> **Your goal**: From the listing below, please restate exactly the lines beginning at the one with "Bærum Bibliotek. Bekkestua" and ending at the one with "Quote from Entrepreneurial Studies Teacher", both included, and skip the pictures.

> **Data supplied**:

---------------

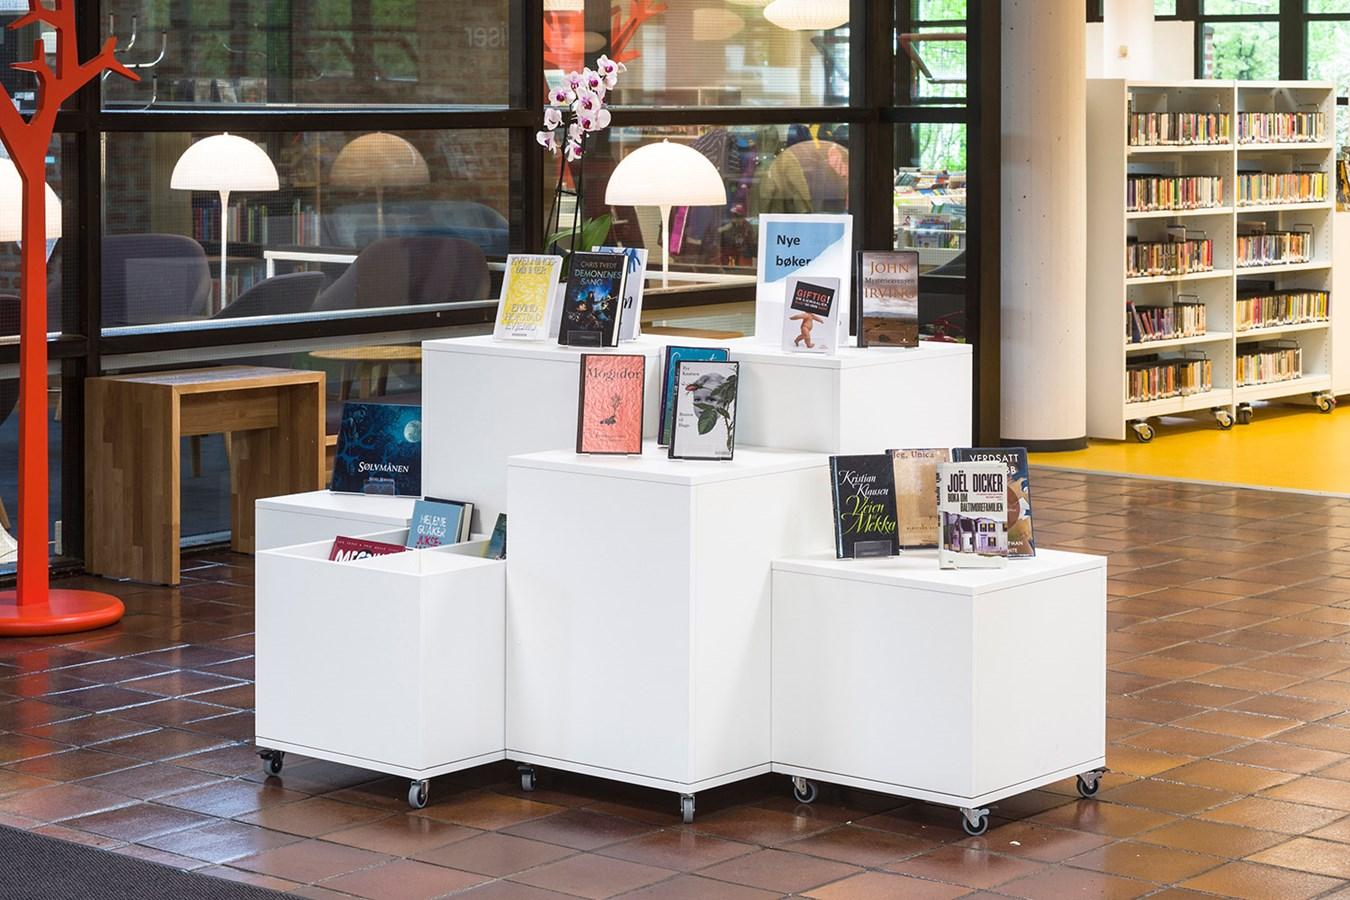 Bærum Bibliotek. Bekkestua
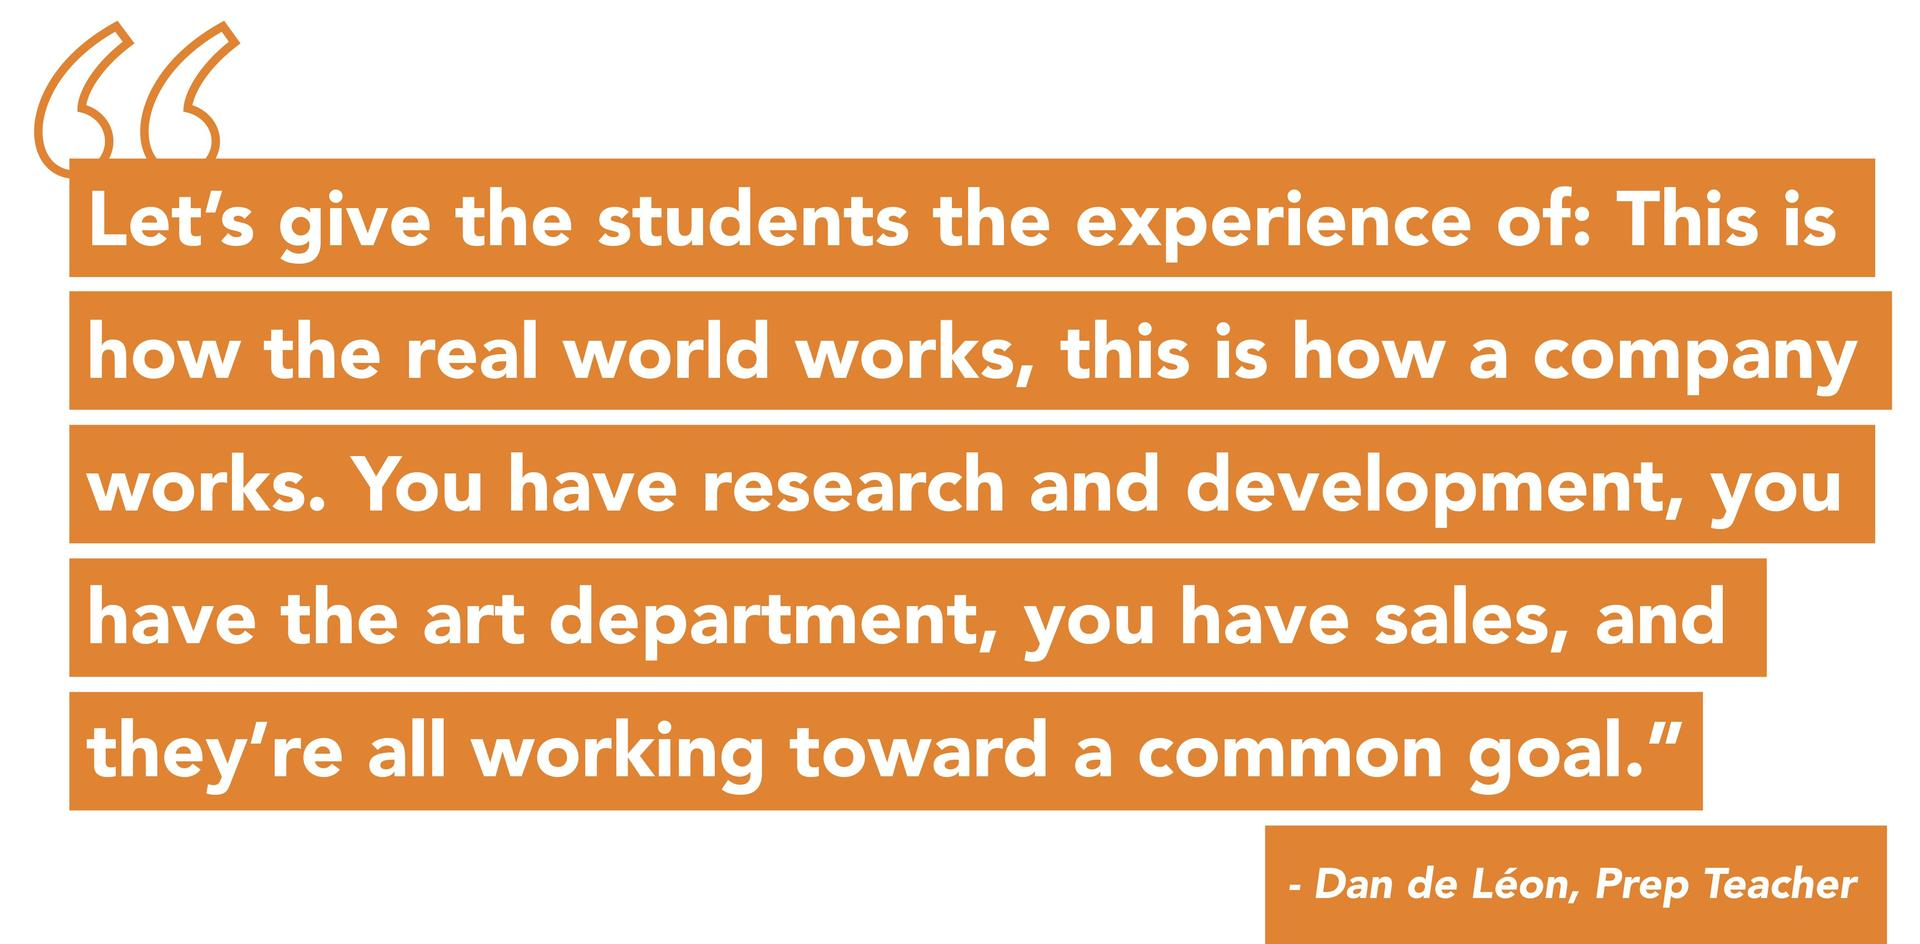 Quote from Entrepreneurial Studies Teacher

---------------

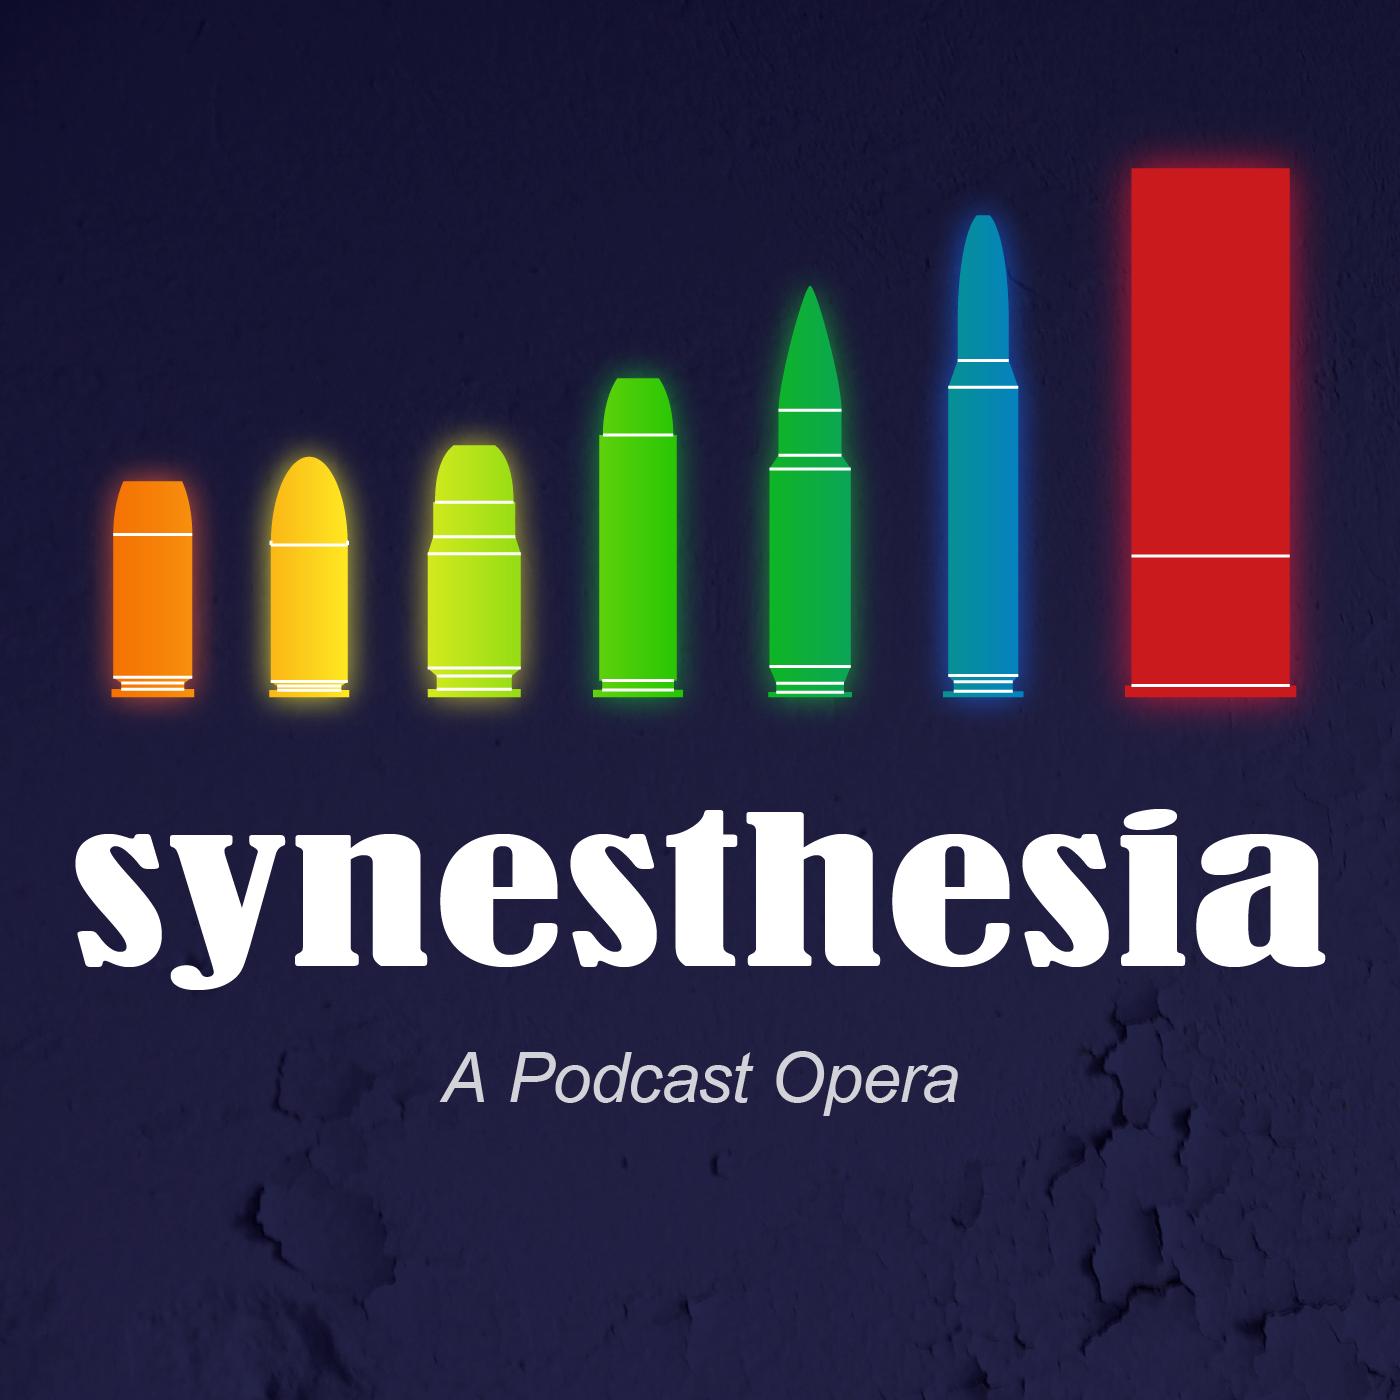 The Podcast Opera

---------------

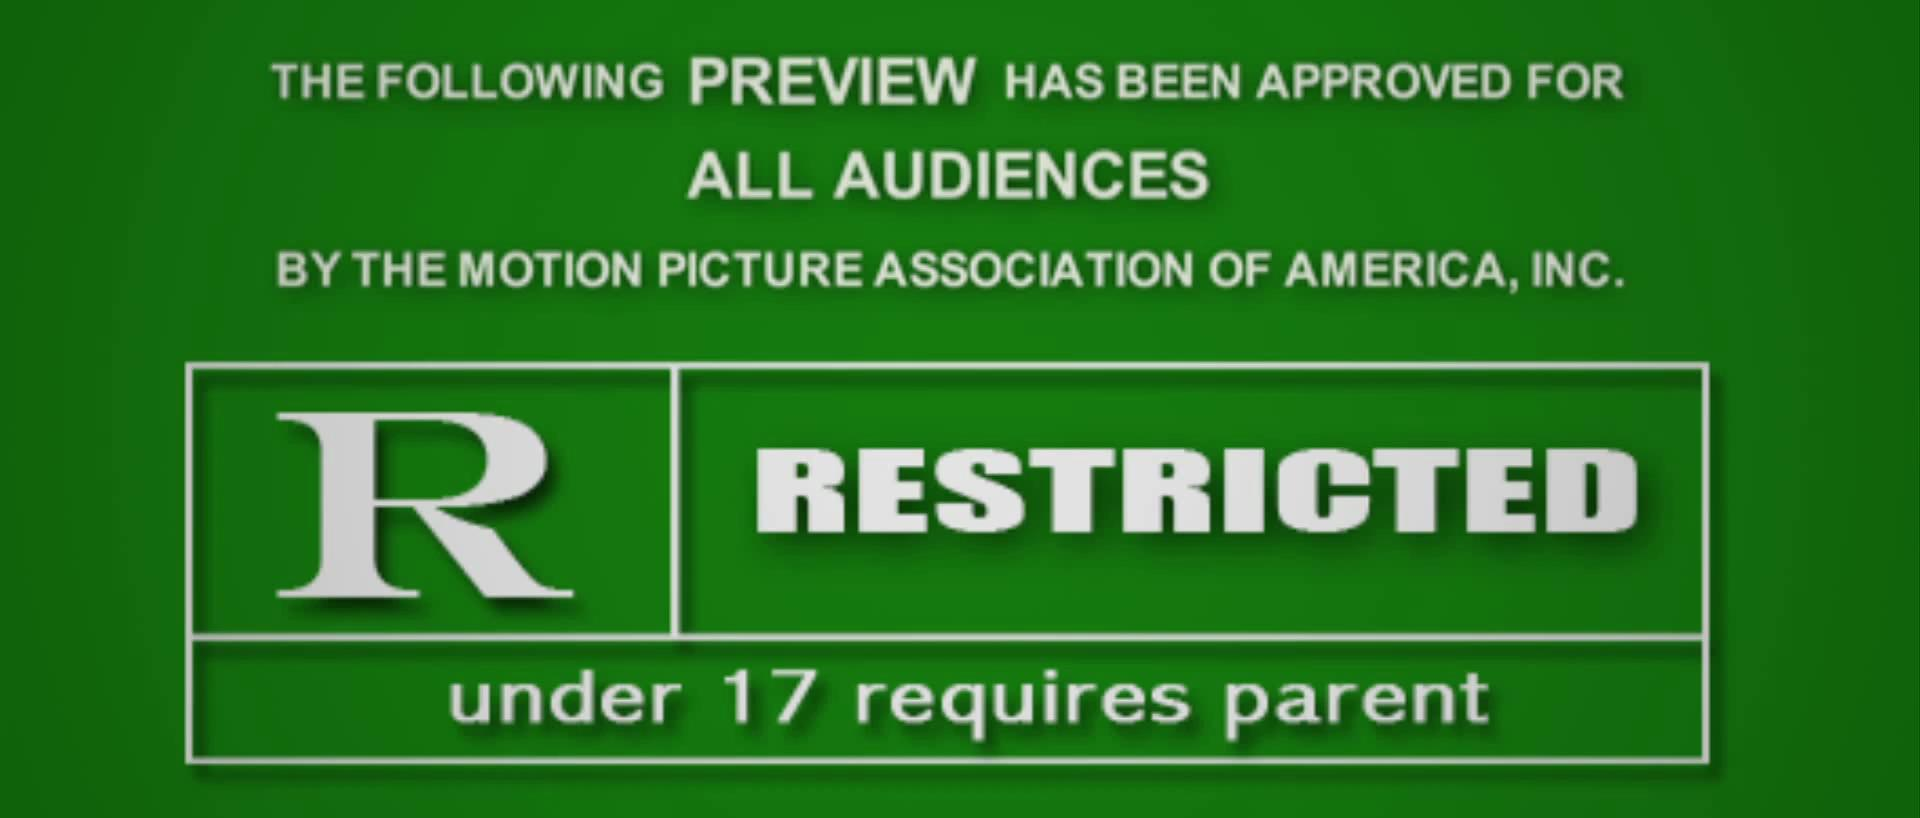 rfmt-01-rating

---------------

> **Exercise answer**:
 Bærum Bibliotek. Bekkestua
 Quote from Entrepreneurial Studies Teacher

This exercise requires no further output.